[SCL] more syntactic wrinkles
pat hayes
phayes at ihmc.us
Fri Jul 4 09:38:37 CDT 2003
Guys, here are drafty proposals for the other missing parts of the
SCL syntax. These are boring from a logic point of view but I think
important for a deployed language.
1. Comment wrappers
The syntax should allow any expression to have a comment added to it
which is logically invisible. This is awkward to state using
traditional syntax description techniques since it doubles the number
of syntax primitives, but it really is a very simple idea. There is
a new term generator called Com and every syntax class - App, Id,
Neg, etc. - has an additional case allowing a comment wrapper to
count as one of them; so eg
Conj: F* -> F U ConjWrap
ConjWrap: Conj x Com
In addition, a bare Com is allowed as an expression but assigned no
semantics (it is logically equivalent to 'true'.)

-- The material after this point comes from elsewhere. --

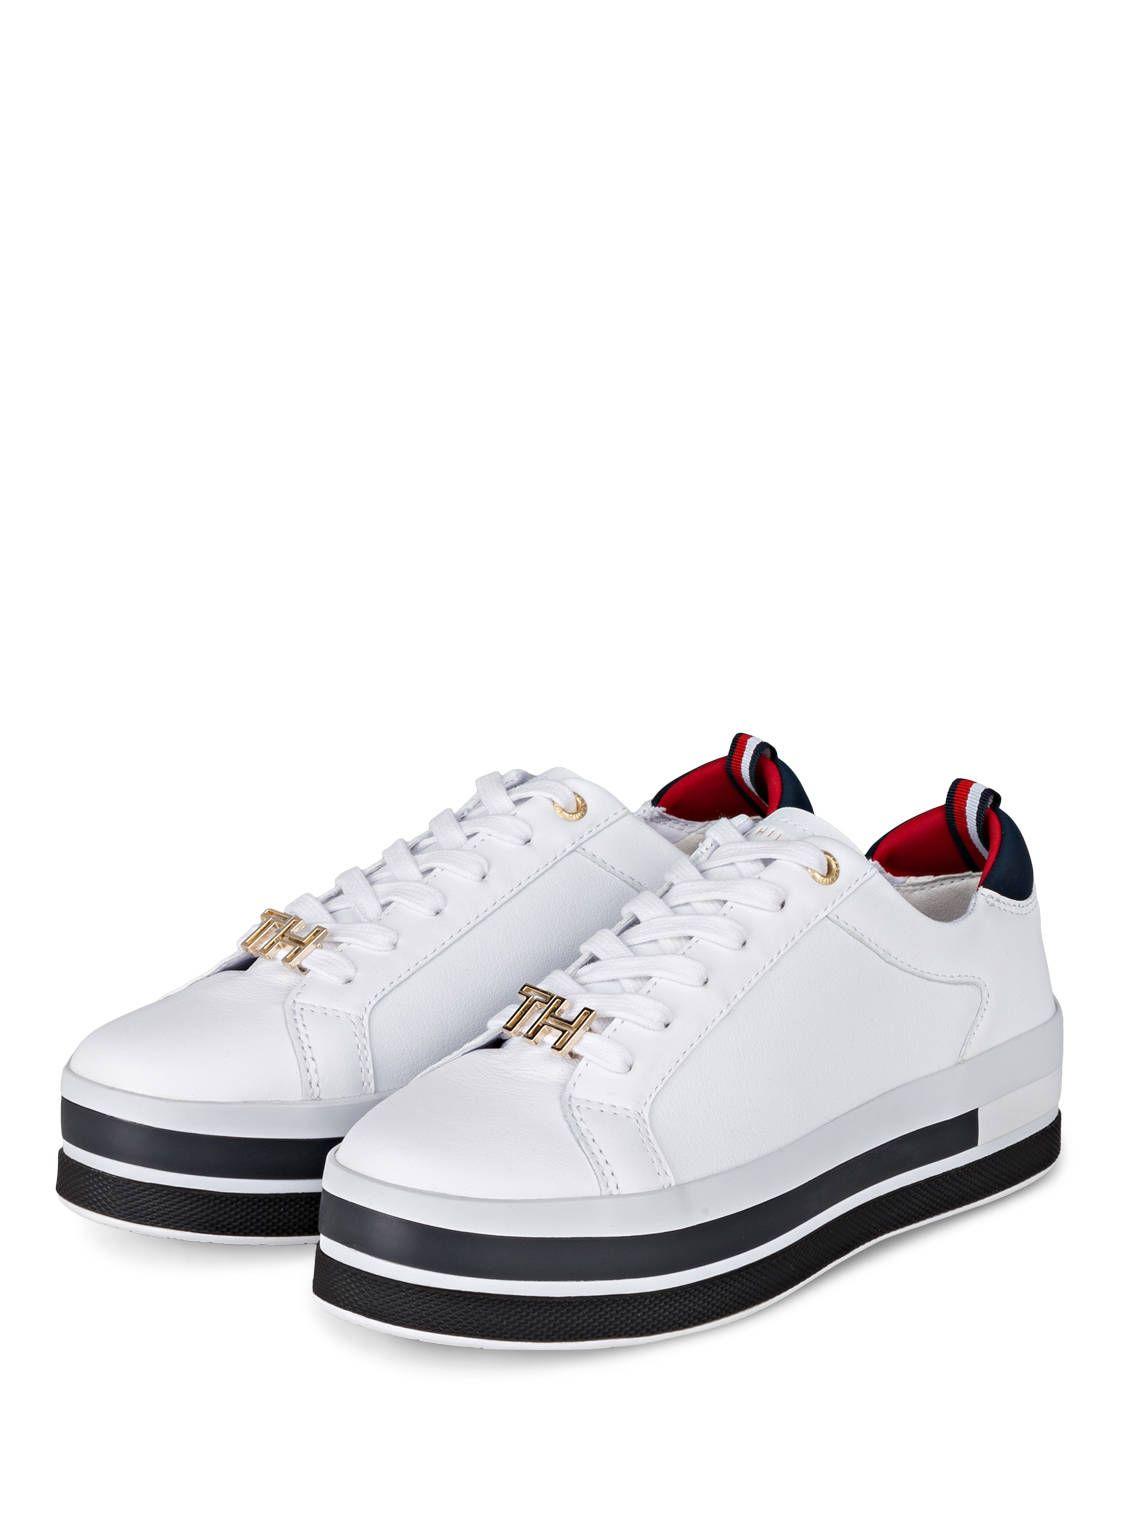 TOMMY HILFIGER Plateau-Sneaker in 2020

Con is *not* required to be disjoint from anything in particular
(some apps may wish to include SCL text itself as comment) and
ideally is not even required to be text; all that matters is that the
Wrap cases can be clearly distinguished in the concrete syntax. Such
a syntax extending SCLKIF might use square brackets to enclose a
wrapper, as in:
[(forall ([?x *Should be @x??]) (implies (P @x)(Q ?x @x))) This is a
very silly axiom, see http://www.ihmc.us/users/phayes/sillyaxioms .]

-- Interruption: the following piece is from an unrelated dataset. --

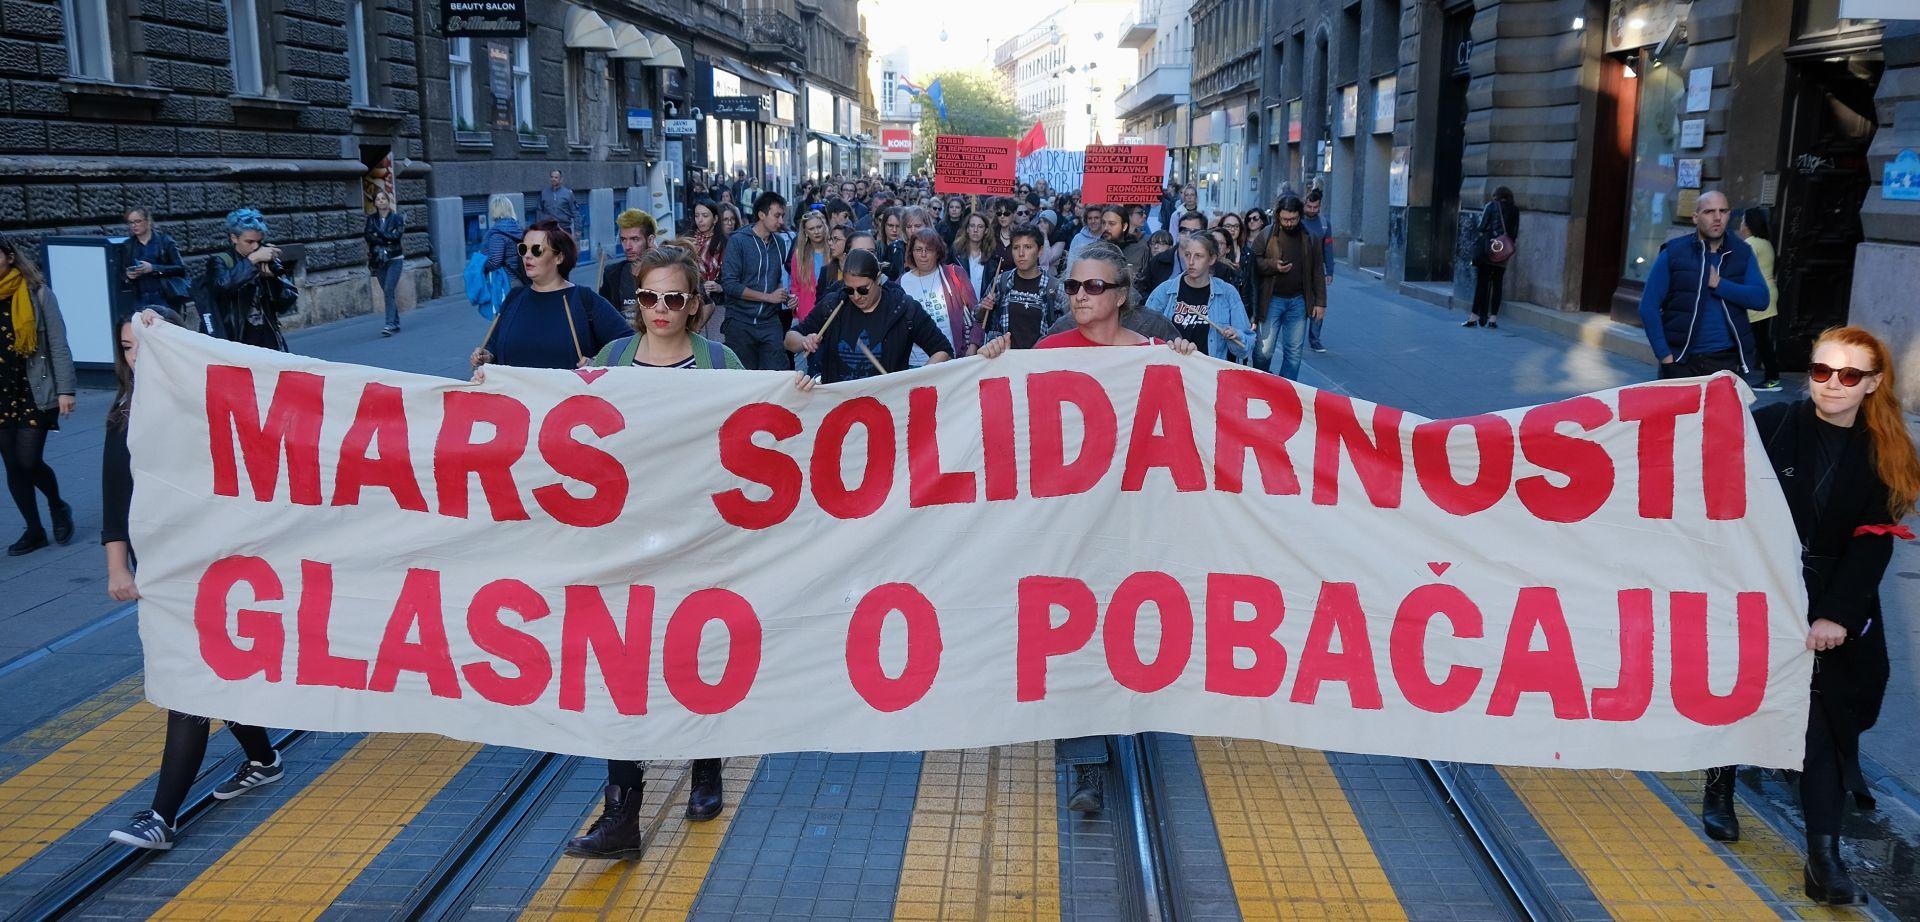 Marš solidarnosti za pravo na pobačaj

which is logically the same as
(forall (?x) (implies (P @x)(Q ?x @x)))
Part of the conformance requirements are that although wrappers have
no logical meaning, apps which transmit or process ontologies are
required to retain them as part of an ontology and to provide them to
users or through APIs when requested.
2. Special term classes (datatyping).
We need a provision for an SCL language to have special terms with
fixed denotations and some 'standard' way to indicate them. Obvious
examples are numerals denoting integers and quoted expressions
denoting character strings, but it would also be useful to have a
class of well-balanced XML fragments denoting XML documents (maybe in
some normal form or other) and to be ready for languages which have
things like dates, airport ID codes, God knows what, as such
categories. So here's a general proposal for such things, call them
type classes. This is based on the treatment of datatypes in RDF.
A type T is defined by a set LT of constants (terms?) called lexical
forms, a set VT of values and a function L2VT from LT to VT. Also,
there is a constant Tname called the 'canonical name' of the type and
a predicate symbol Tpred. These could be the same in some CL
syntaxes.
The base type theory of T is an infinite set of ground atoms
scl:Type(Tname)
Tpred(t) for every t in LT
not Tpred(t) for every constant t not in LT
t1=t2 for every t1 and t2 in LT with L2VT(t1)=L2VT(t2)
not t1=t2 for every t1, t2 in LT with L2VT(t1)/=L2VT(t2)
Here scl:Type is a special predicate symbol reserved for use in SCL languages.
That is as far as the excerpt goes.